С радостным повизгиванием, я влезла на ствол, чуточку посидела, переводя дыхание, а затем полезла на карачках вперёд. Да, ствол был низко, но всё равно идти по нему прямо я жутко боялась (кто его знает, какая глубина там, под водой. В Кедровом один шофёр рассказывал, что в таком ручье может быть глубина и с пятиэтажный дом, если там до этого была мерзлота. Лично мне проверять не хотелось).
Перелезла!
Потихоньку, помаленечку, цепляясь за ветви деревьев, я, словно артритная старушка начала карабкаться вверх. Спина уже гудела, проклятые лямки рюкзака, казалось, впились в кожу. Когда я вылезла на поверхность, наверное, минут пять просто лежала, тупо глядя в небо и слушая пение птиц.
Но надо вставать.
Рядом, повизгивая от нетерпения, прыгал Зверь.
Остался последний рывок. С усилием я поднялась на ноги. Отыскала красные лоскуты-метки, и поплелась дальше. Тяжело дыша, словно загнанная лошадь.
А вот и лагерь.
Я так обрадовалась. Наконец-то дошла!
Но что-то меня царапнуло. Что-то было не так.
А что не так?
И тут я поняла. Тишина. Над лагерем стояла абсолютная и полная тишина. Не слышно было ни голосов, ни стука, ни прочих звуков. Только ветер шумел в кронах деревьев, да какая-то птица тоненько покрикивала вдали.

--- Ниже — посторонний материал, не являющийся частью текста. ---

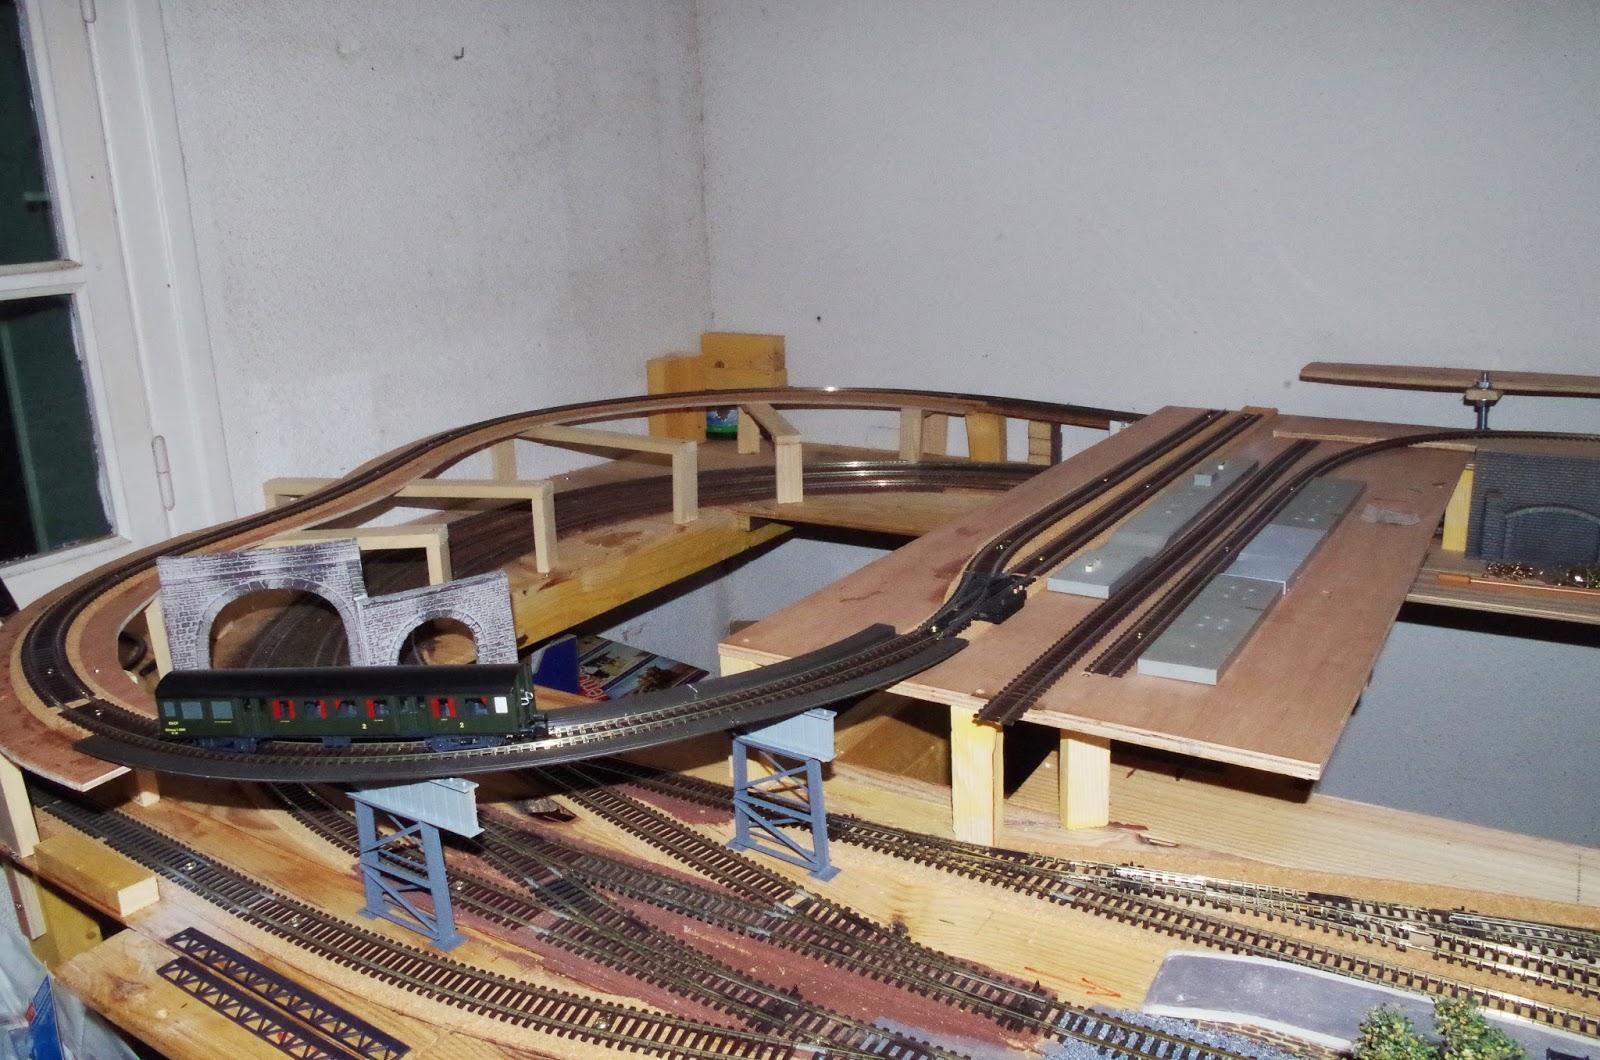 #906C3B LE PETIT TRAIN DE MICHELE: Une HISTOIRE D'AMITIE  6083 decoration de noel train electrique 1600x1060 px @ aertt.com

Я ускорила шаг, побежала, заглядывая везде — в вагончики, в хозку, в камералки.
В лагере не было никого.
В столовой обнаружилась Аннушка. Она сидела на лавке, закрыв лицо руками. Плечи её мелко вздрагивали.
От тяжелого предчувствия моё сердце рухнуло вниз.
— Анна Петровна! Что? Что случилось? — воскликнула я.
— Нина Васильевна исчезла, — размазывая слёзы прогундосила Аннушка и зарыдала.
Глава 17
— Как исчезла⁈ — растерялась я.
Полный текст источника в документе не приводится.